Two island platforms, each with a length of 405 m and a height of 76 cm, extend towards the north from the centre of the entrance building. They are connected to the main platform by a 65 m long underpass.

Barrier-free accessibility is provided by a wheelchair ramp next to the three sets of steps down to the road-side at the entrance building and to the island platforms are reached by lifts beside the access steps.

History 
The station was built in 1846 at kilometre post 126 on the Berlin-Hamburg Railway. In 1851 the Wittenberge–Stendal line was opened. That made Wittenberge station into the most important railway hub between Berlin and Hamburg. The station building of this Keilbahnhof ("wedge station", i.e. situated between the two converging lines of a junction) was located between the western approach tracks of the Magdeburg route and the eastern approach tracks on the Berlin-Hamburg Railway.
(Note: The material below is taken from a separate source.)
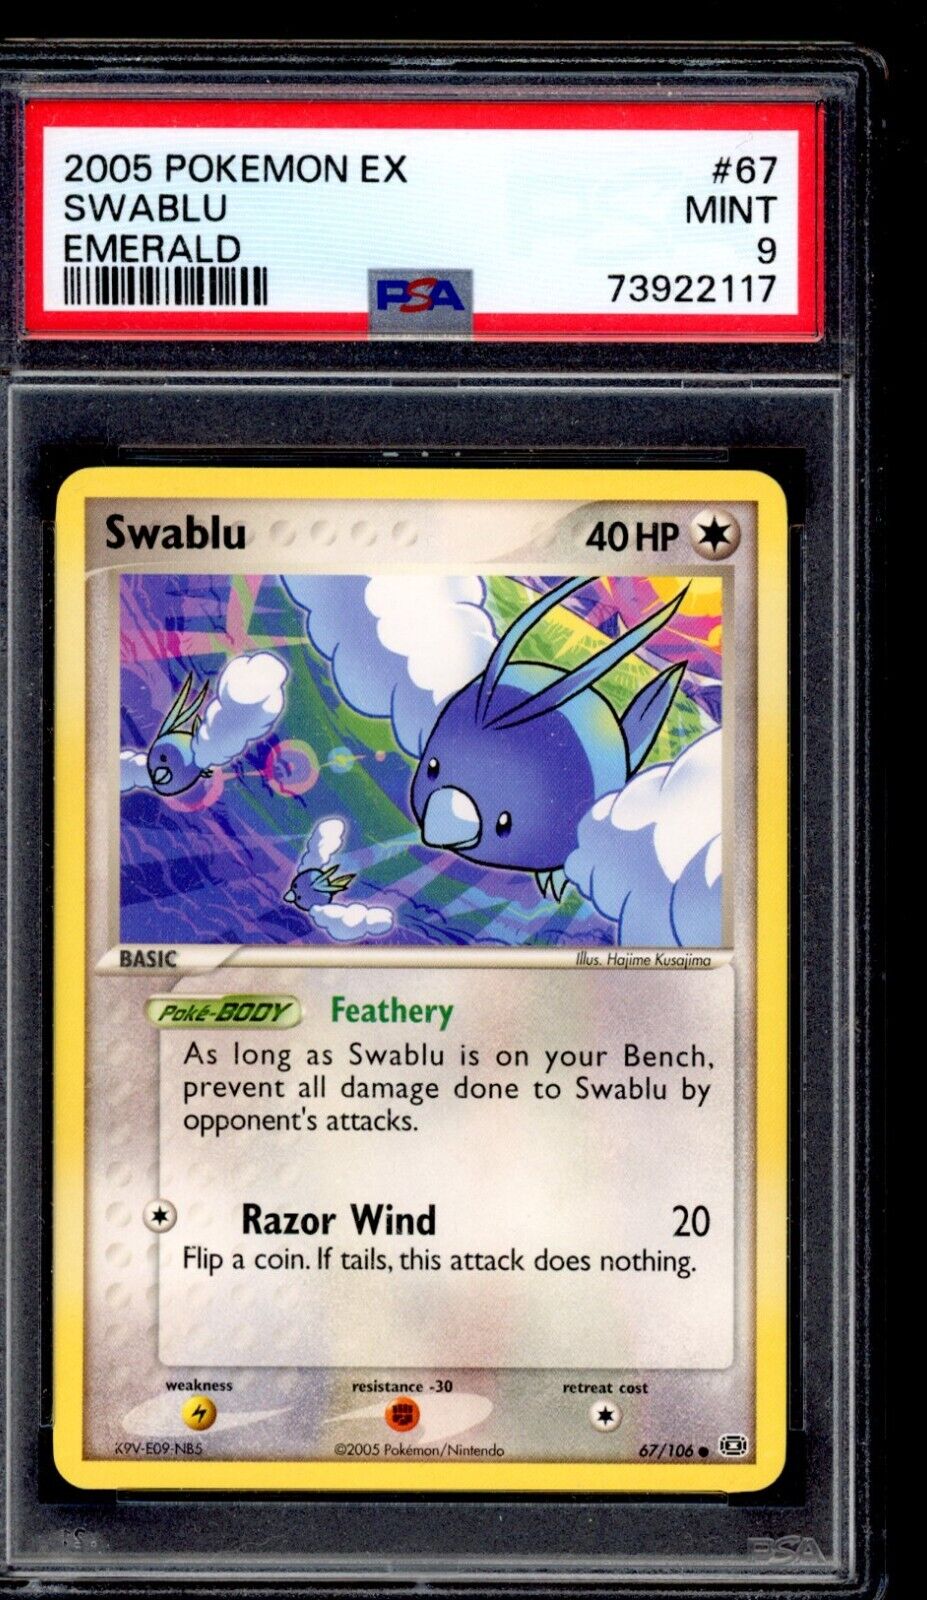 PSA 9 Swablu 2005 Pokemon Card 67/106 Emerald

From 1870 trains also ran from here on a branch of the Berlin-Hamburg Railway, that led over the river Elbe near Dömitz and via Dannenberg to Buchholz.

Upgrade 

Wittenberge station was comprehensively refurbished as part of the upgrade of the Berlin-Hamburg Railway in 2000. It lost its status as an island station, as all the tracks are now on the eastern side of the station building. The so-called Magdeburg Side lost its tracks, the line from Stendal being re-routed south of the building on the Berlin Side. The number of tracks was also significantly reduced.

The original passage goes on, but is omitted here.